Noi riteniamo  le altre persone responsabili del nostro dolore, o pincolpiamo noi stessi per ogni problema. Ad esempio, “Smettila di farmi stare male con me stesso!” Nessuno ci può “fare” sentire in nessun modo particolare – solo abbiamo il controllo sulle nostre emozioni e reazioni emotive.

 

10. Dovrei.

Abbiamo una lista di regole ferree su come gli altri si devono comportare. Le persone che infrangono le regole ci fanno arrabbiare, e ci sentiamo in colpa quando si violano queste regole. Molti  credono di motivare se stessi con  “i dovrei” come se dovessero essere puniti prima di poter fare qualsiasi cosa.

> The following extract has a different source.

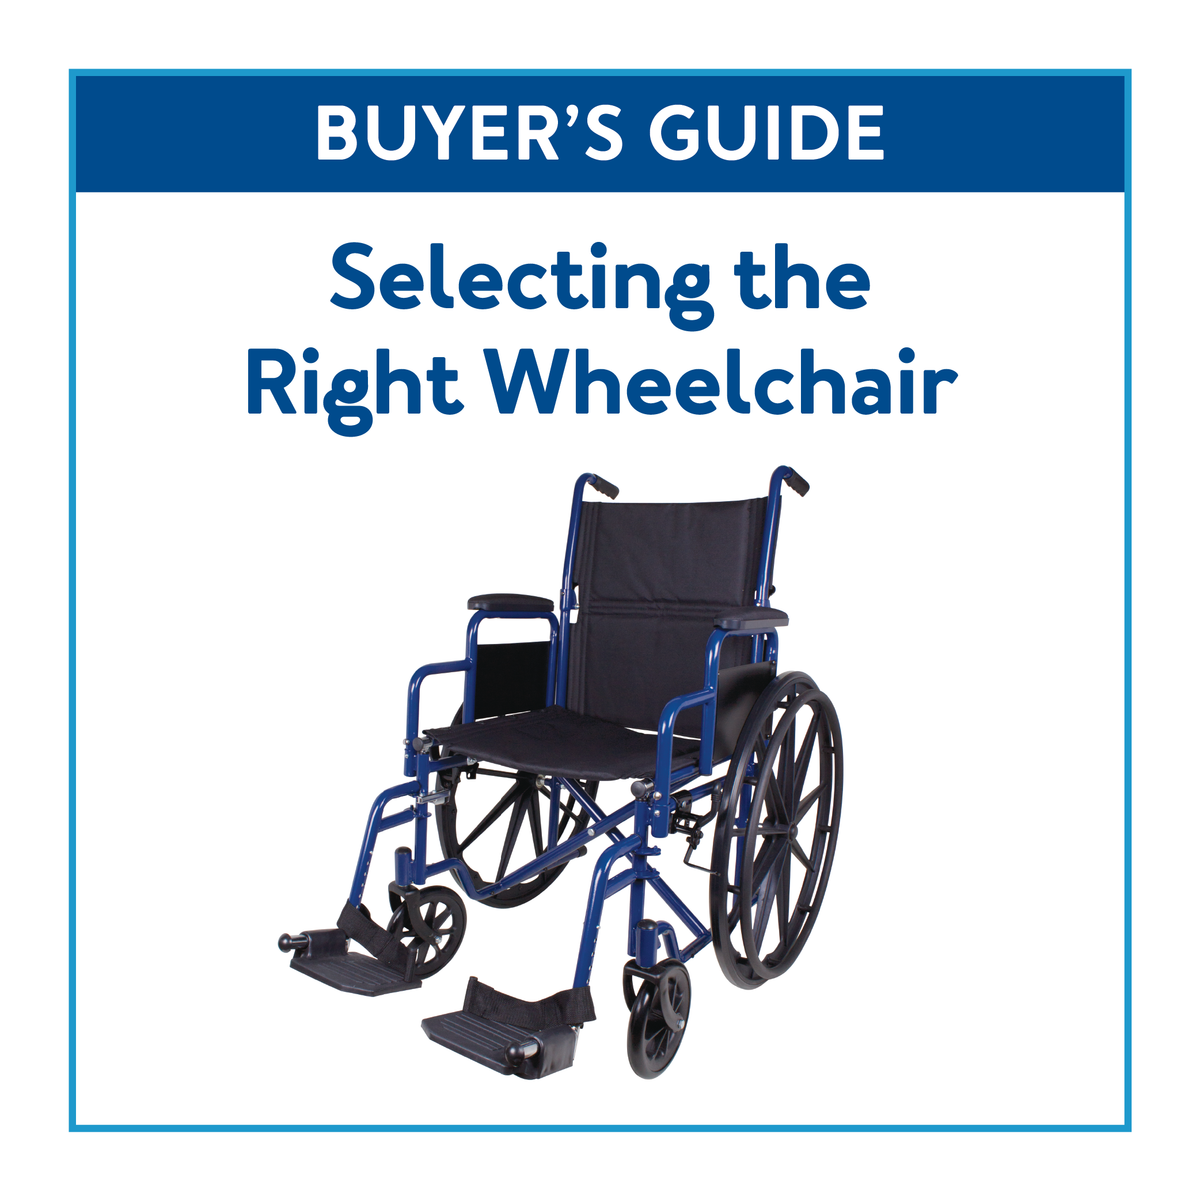 A ProBasics transport chair surrounded by a blue border with text “Buyer’s guide: Selecting the Right Transport Chair”
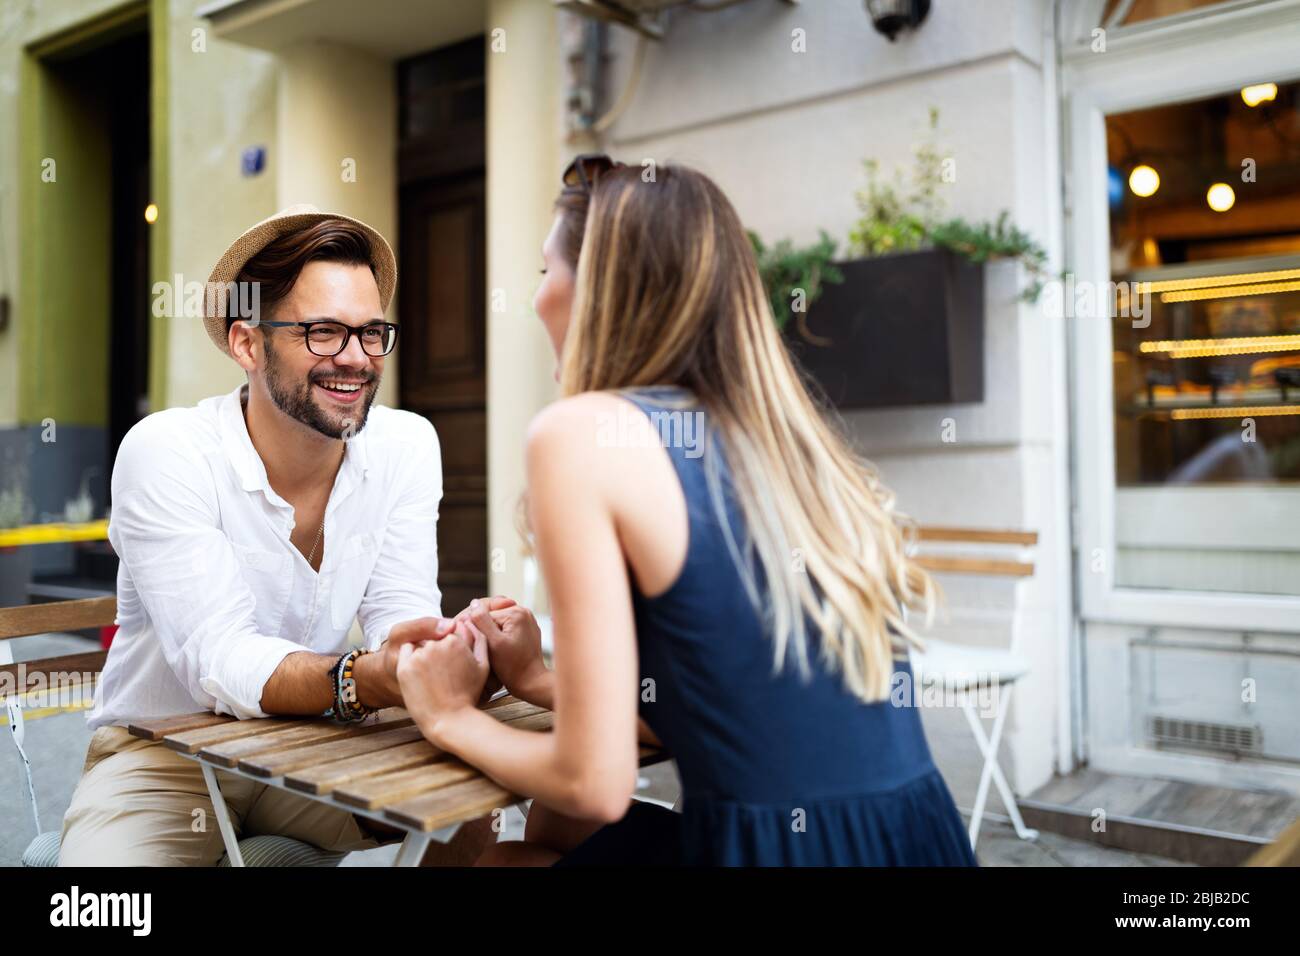 Beautiful couple in love dating outdoors and smiling Stock Photo

Per esempio, “Mi dpvrei esercitare. Non dovrei essere così pigro”.

 

11. Ragionamento emotivo.

Noi crediamo che ciò che sentiamo deve essere vero automaticamente. Se mi sento stupido e noioso, allora dobbiamo essere stupidi e noiosi.

 

12. Fallacia del cambiamento.

Abbiamo bisogno di cambiare le persone, perché la nostra felicità sembra dipenda interamente dagli altri.

 

13. Etichettatura globale.

Si generalizzano una o due qualità in un giudizio globale negativo. Si tratta di forme estreme di generalizzare, e sono anche indicate come “etichettatura” e “errore di etichettatura.” Invece di descrivere un errore nel contesto di una situazione specifica, una persona attaccherà un’etichetta malsana a se stessa.

Ad esempio, può dire: “Sono un perdente”, in una situazione in cui non sono riuscito in un compito specifico.

 

14. Avere sempre ragione.

Ci sentiamo sempre sotto esame e dobbiamo dimostrare che le nostre opinioni e le nostre azioni siano corrette. Sbagiare è impensabile e faremo di tutto per dimostrare la nostra ineccepibilità. Ad esempio, “non mi importa quanto male ti fa sentire discutere con me , ho intenzione di vincere questa discussione con qualsiasi mezzo, non  importa quale, perché ho ragione”.

 

15. Ricompensa divina.

Ci aspettiamo che il nostro sacrificio e la nostra abnegazione paghi, come se c’è qualcuno a tenere un punteggio. Ci sentiamo amareggiati quando il premio non giunge.

 

Riferimenti:

Beck, A. T. (1976). Cognitive therapies and emotional disorders. New York: New American Library.

Burns, D. D. (1980). Feeling good: The new mood therapy. New York: New American Library.